That number is for a single Nu pickup. It will be more when combined and mixed to mono with a mixer. So for 6 channels, that's an additional 15dB.
Hum is not an issue with the Nu. Low impedance coils are a lot less susceptible to noise. The more important issue is hiss (broadband noise) introduced by the active electronics (the preamplifier), and so that one has to be very quiet (hence using that toshiba ultra low noise transistors was a crucial design decision). Take note that the hiss is higher than the active EMG 81 by around 5-6dB. The reason is because the preamp had to push the gain more than the EMGs which has higher output from the coils to begin with. The EMG's preamp gain is 3 while the Nu requires at least 10.

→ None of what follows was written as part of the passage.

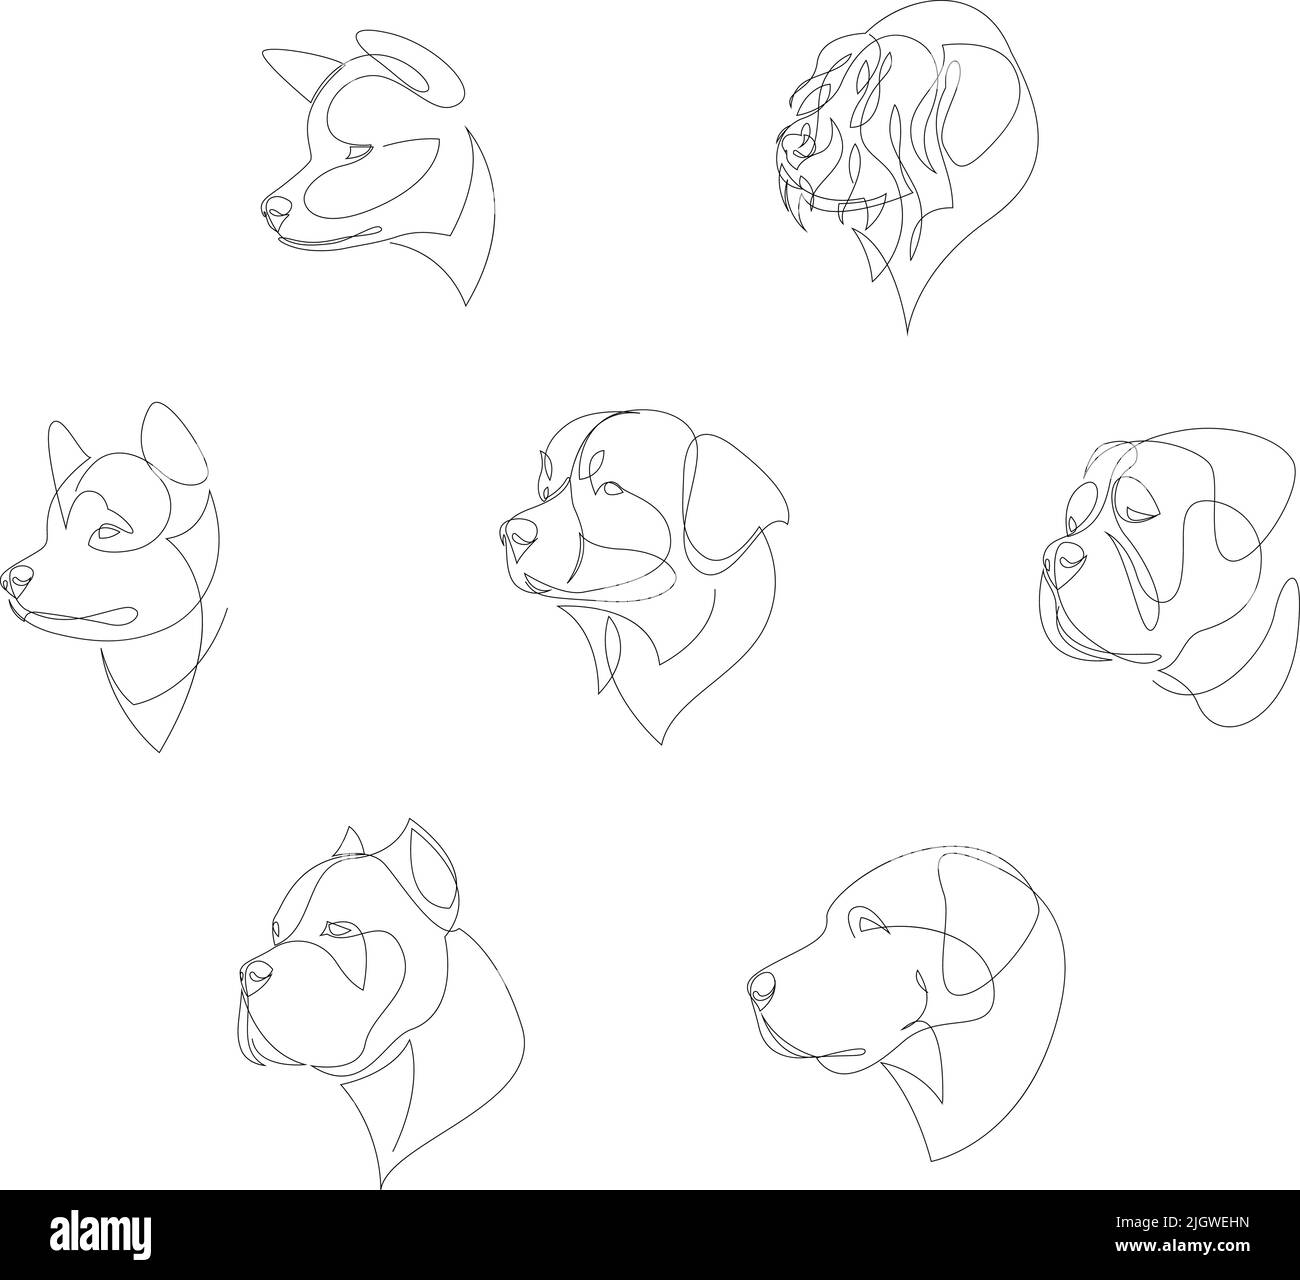 Hunderassen in minimalistischem Stil gezeichnet. Hunde in einer Reihe. Vektorgrafik Stock Vektor

Yet, this hiss is so much well below the hum and is not perceptible at all, ... until you push the gain. That's the real battle. Unlike mics, guitar pickups are in a precarious place in the signal path since it sits at the very beginning before high gain stages (compressors, distortions, overdrives, preamps, etc. which can push the gain to such horrific :-) levels). So my recommendation for really high gain is 1. Use a pre-filter per channel at around 2-6kHz (high gain distortions do not like the full spectrum anyway -- the high frequency intermodulations are nasty beasts) and 2. Use a noise gate, or a gentle downward expander set above the noise threshold, on each channel. The gates also help a lot in cleaning up channel crosstalk when doing polyphonic distortion.